As shown in fig. 5, the anti-clogging stirring assembly 5 includes:

the second rotating shafts 5a are rotatably arranged in the grain cache chamber 1f along the radial direction, and second stirring rods 5a1 which are in clearance fit with the inner wall of the second separating hopper 1d are uniformly distributed on the circumferential surface of the second rotating shafts 5a along the axial direction at equal intervals;

the second servo motor 5b is arranged outside the cylinder shell 1, and an output shaft of the second servo motor is coaxially and fixedly connected with one end of the second rotating shaft 5 a.
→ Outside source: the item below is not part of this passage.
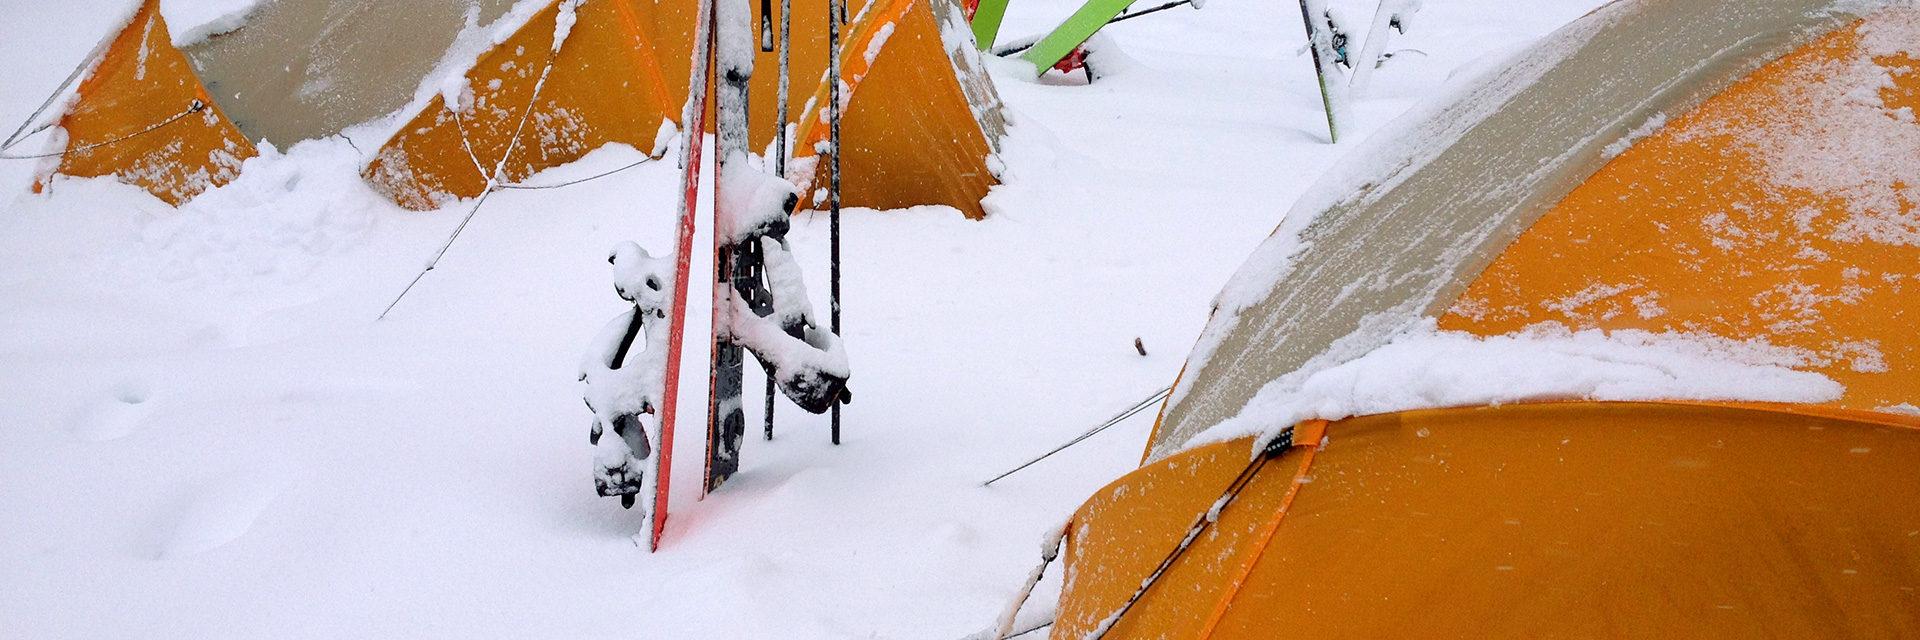 Wintercamping in Norway

In cereal buffer chamber 1f, when intercommunication cereal buffer chamber 1f and crushing grinding room 1g, start second servo motor 5b, make its output shaft drive second axis of rotation 5a in the inside rotation of drum shell 1 to make radial rotatory second puddler 5a1 constantly stir cereal in the second divided hopper 1d, thereby make cereal be difficult for blockking up in the second divided hopper 1d, thereby be convenient for the unloading.

As shown in fig. 6 and 7, the rotary distributing unit 6 includes:

the first fixing ring 6a is coaxially and fixedly arranged in the crushing and grinding chamber 1g and is positioned at the top of the grinding disc assembly 7;

an outer gear ring 6b coaxially rotatably provided at the top end of the first fixing ring 6 a;

the worm gear fan 6c is coaxially and fixedly arranged on the inner ring of the outer gear ring 6 b;

the output shaft of the third servo motor 6d is coaxially arranged outside the cylinder shell 1 with the first fixed ring 6a, and the output shaft of the third servo motor 6d is in meshed transmission connection with the outer ring of the outer gear ring 6b through the first gear 6 e.

When the dried grains fall from the top end of the grain cache chamber 1f, the third servo motor 6d is started, the output shaft of the third servo motor drives the outer gear ring 6b to coaxially rotate on the first fixed ring 6a through the first gear 6e, so that the worm gear fan 6c rotates at the top of the millstone assembly 7, the grains fall on the blades of the worm gear fan 6c, the rotating blades uniformly spread the grains on the top end of the millstone assembly 7, and the millstone assembly 7 is convenient to feed and crush.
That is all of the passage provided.